— Task to carry out —
Extract each line of the material that follows exactly and omit its pictures.

##### Dataset content

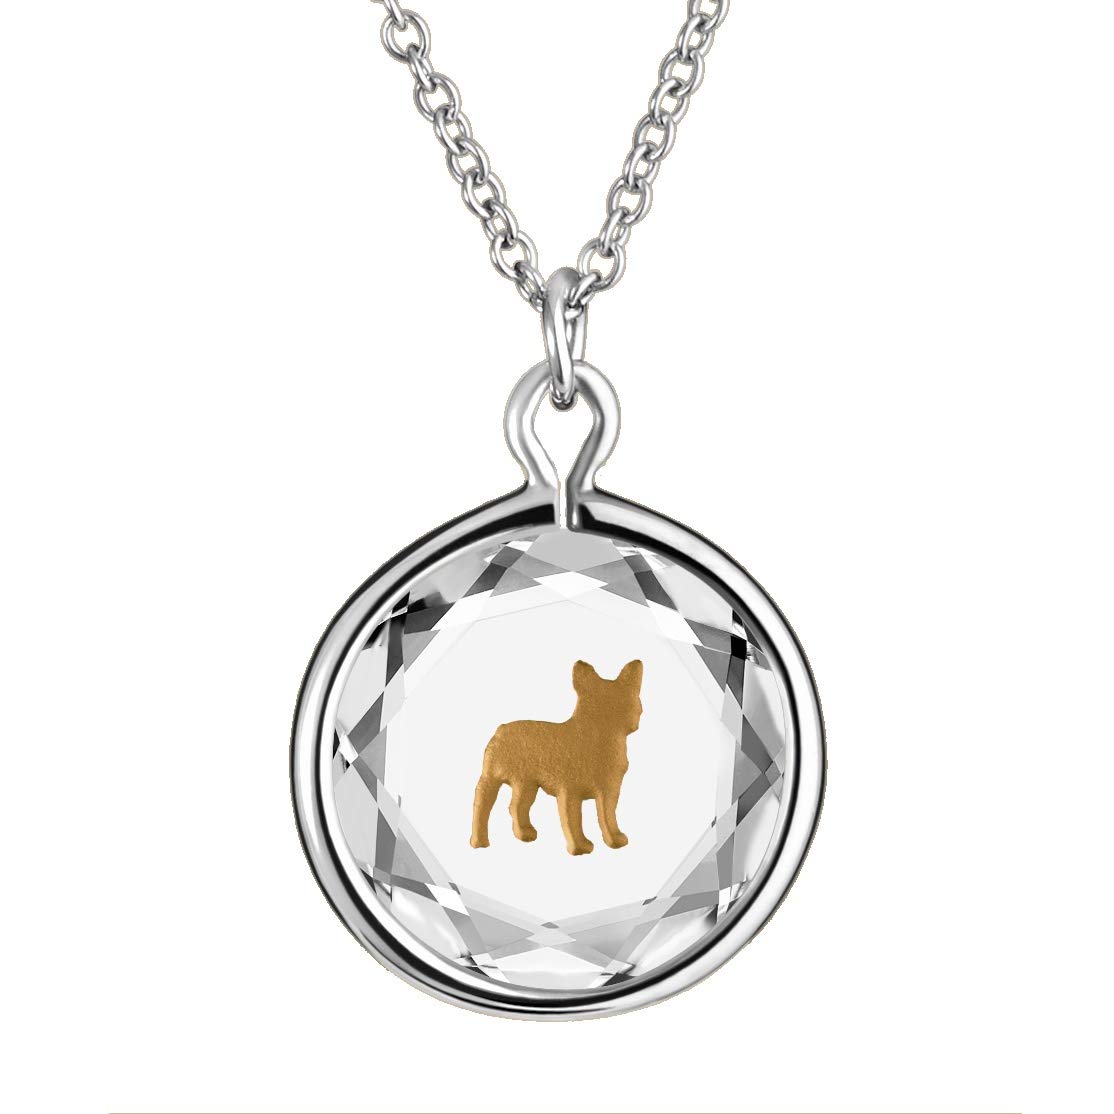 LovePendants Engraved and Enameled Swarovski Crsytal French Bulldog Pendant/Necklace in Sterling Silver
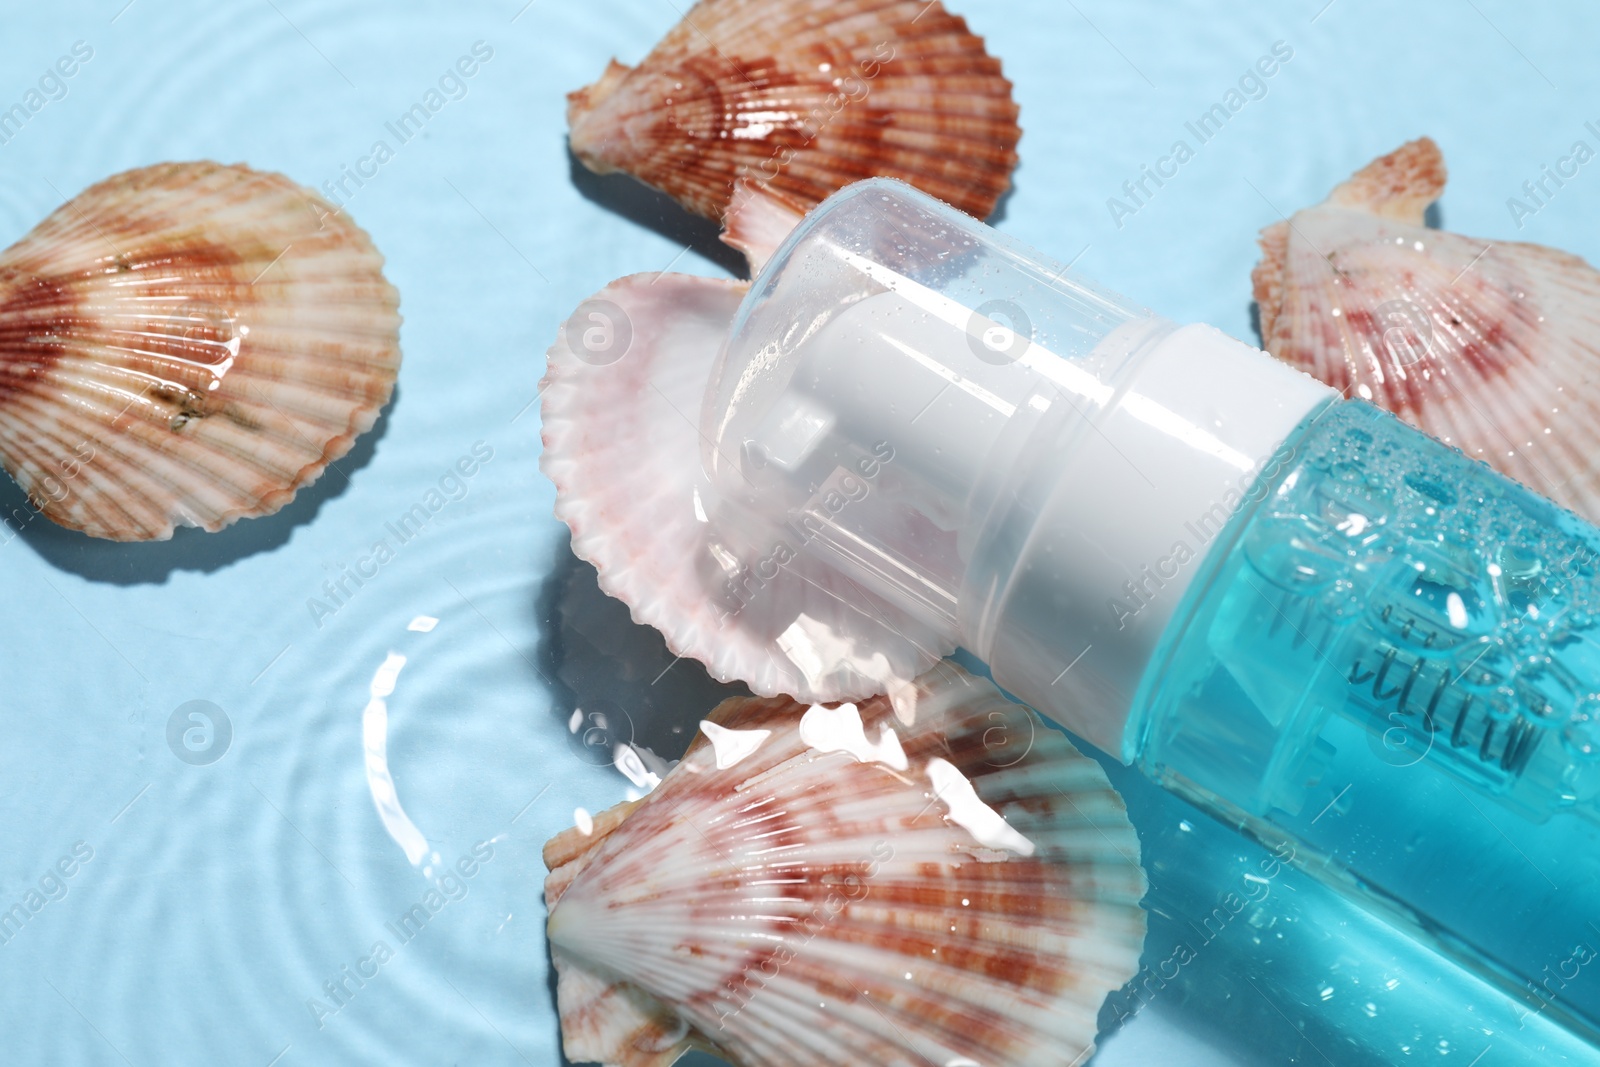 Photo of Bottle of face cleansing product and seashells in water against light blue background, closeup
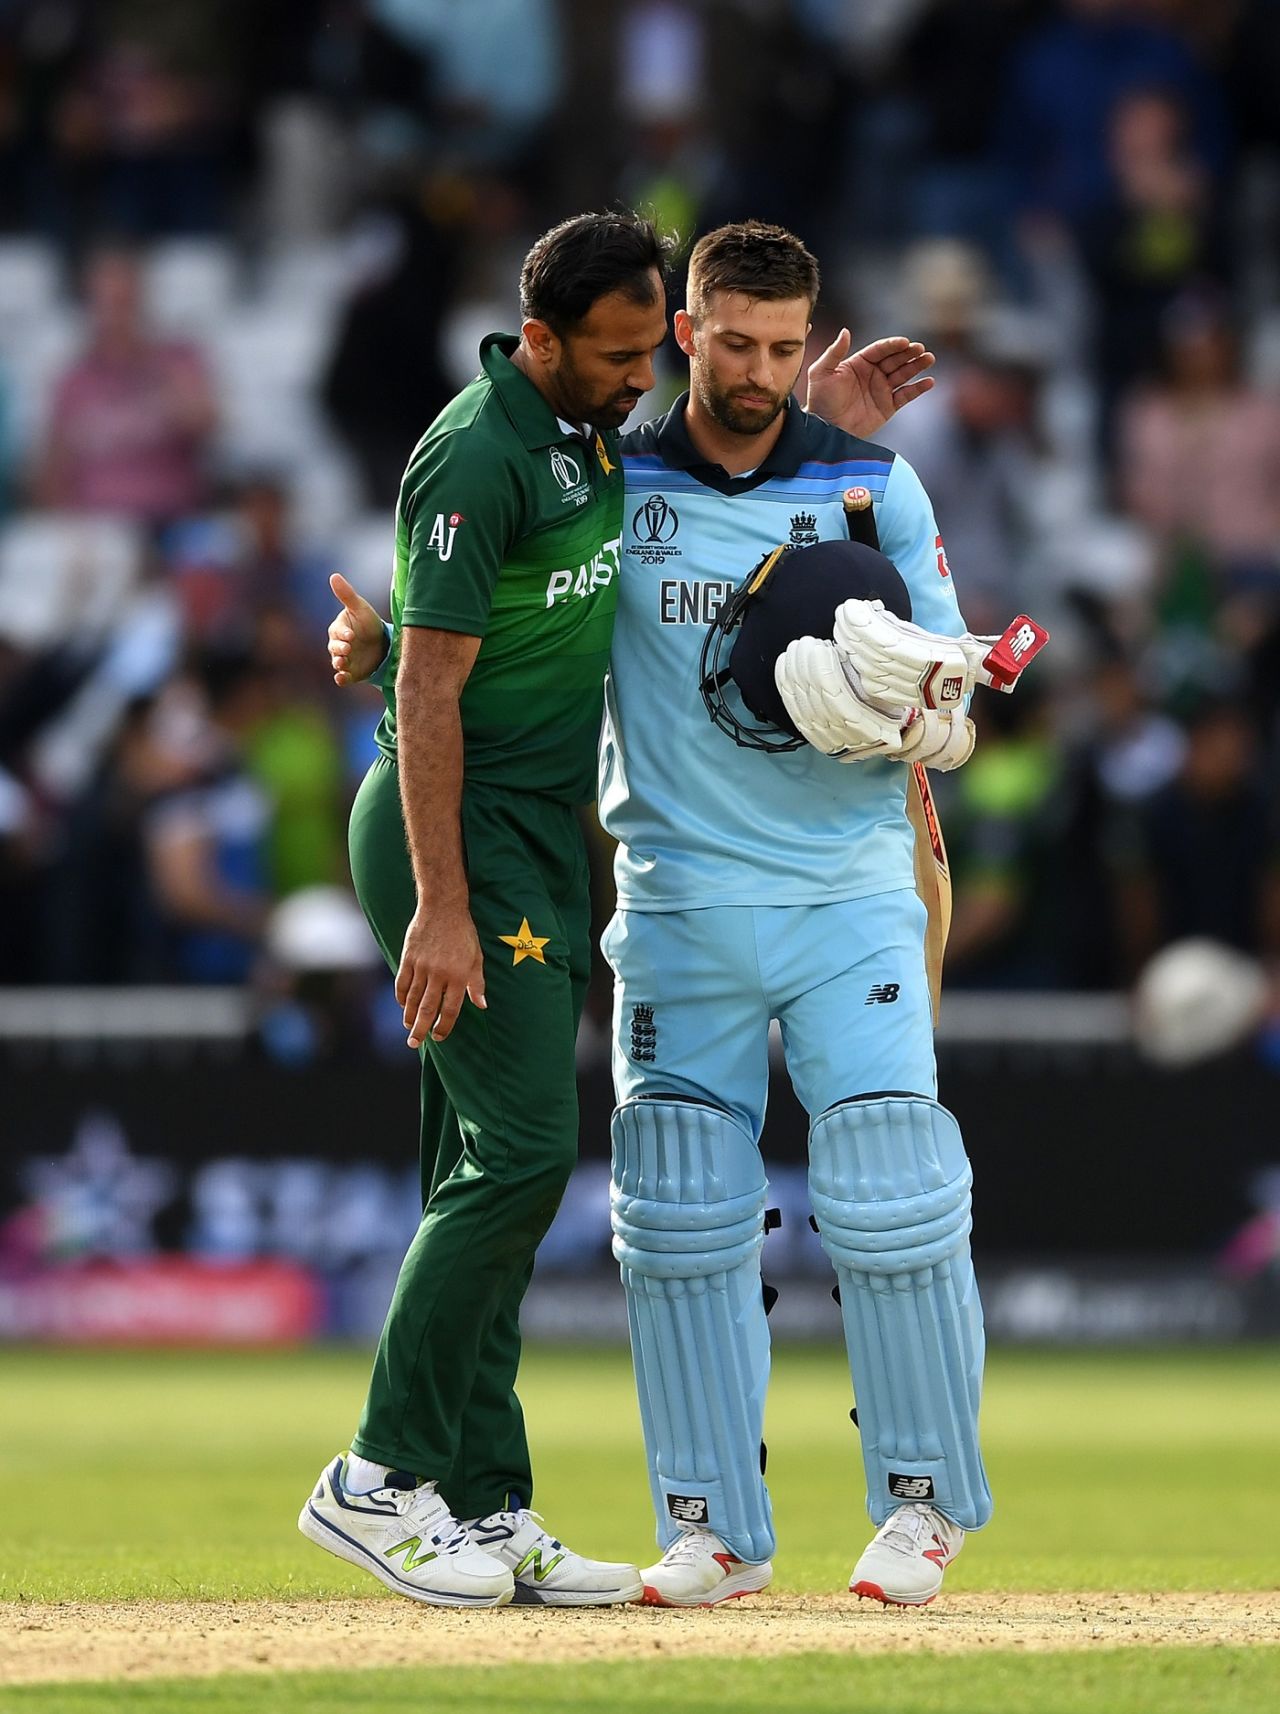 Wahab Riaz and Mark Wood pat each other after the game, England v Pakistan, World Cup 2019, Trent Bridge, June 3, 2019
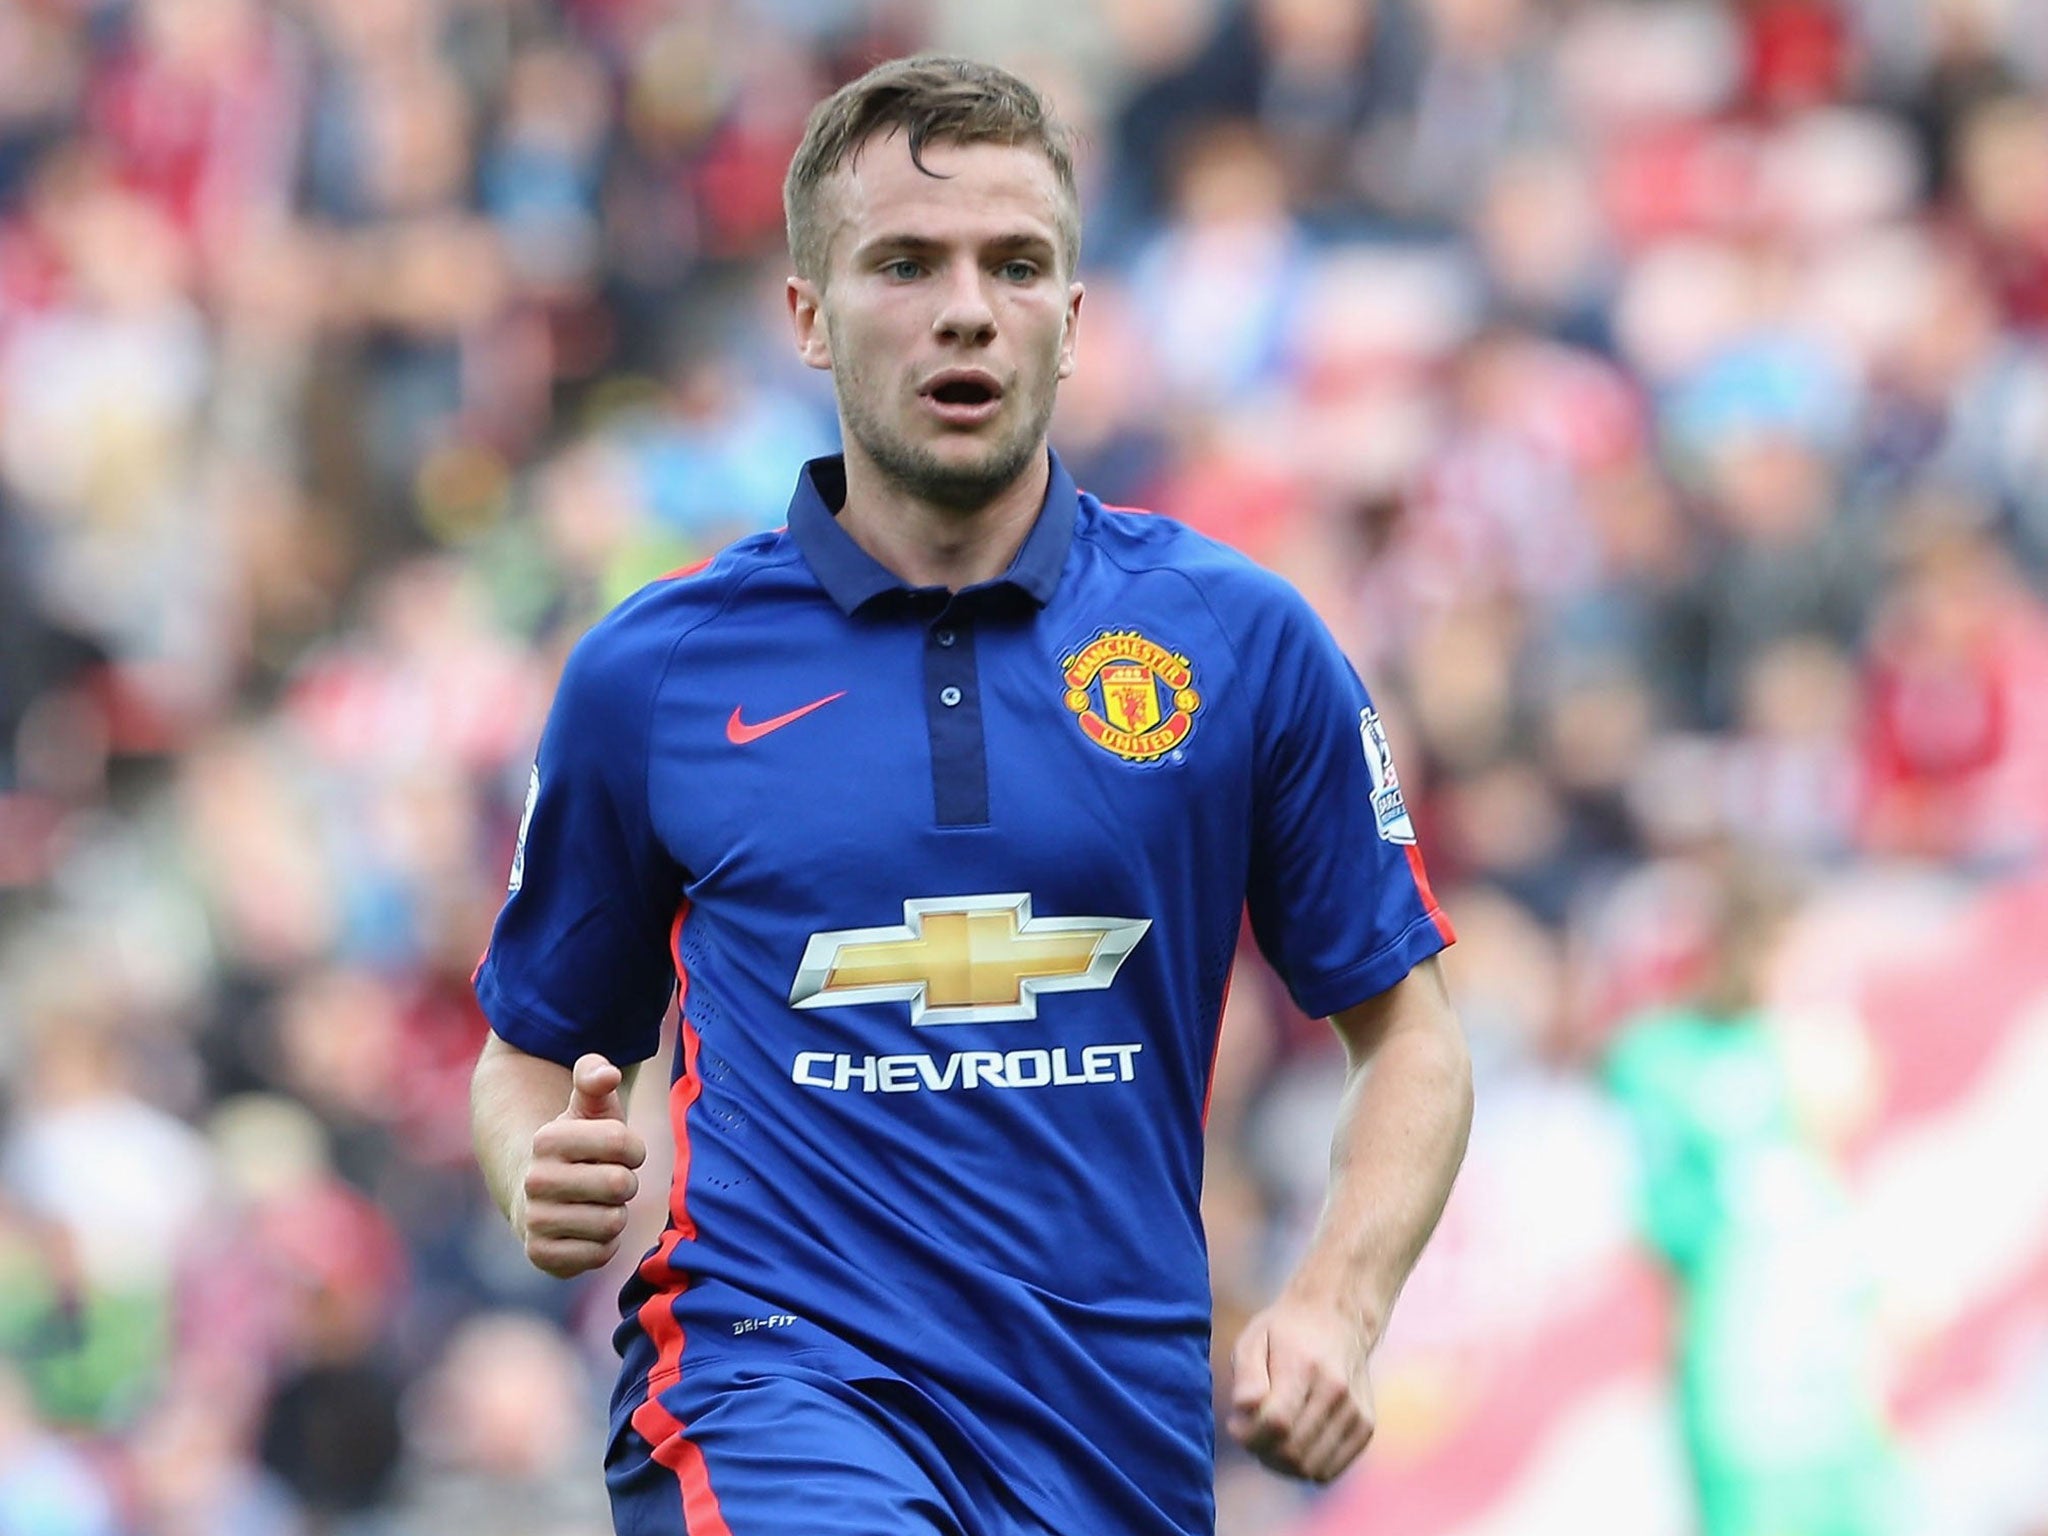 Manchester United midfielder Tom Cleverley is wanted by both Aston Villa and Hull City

##########

— Reply to the exercise —
 LovePendants Engraved and Enameled Swarovski Crsytal French Bulldog Pendant/Necklace in Sterling Silver
 Photo of Bottle of face cleansing product and seashells in water against light blue background, closeup
 Wahab Riaz and Mark Wood pat each other after the game, England v Pakistan, World Cup 2019, Trent Bridge, June 3, 2019
 Manchester United midfielder Tom Cleverley is wanted by both Aston Villa and Hull City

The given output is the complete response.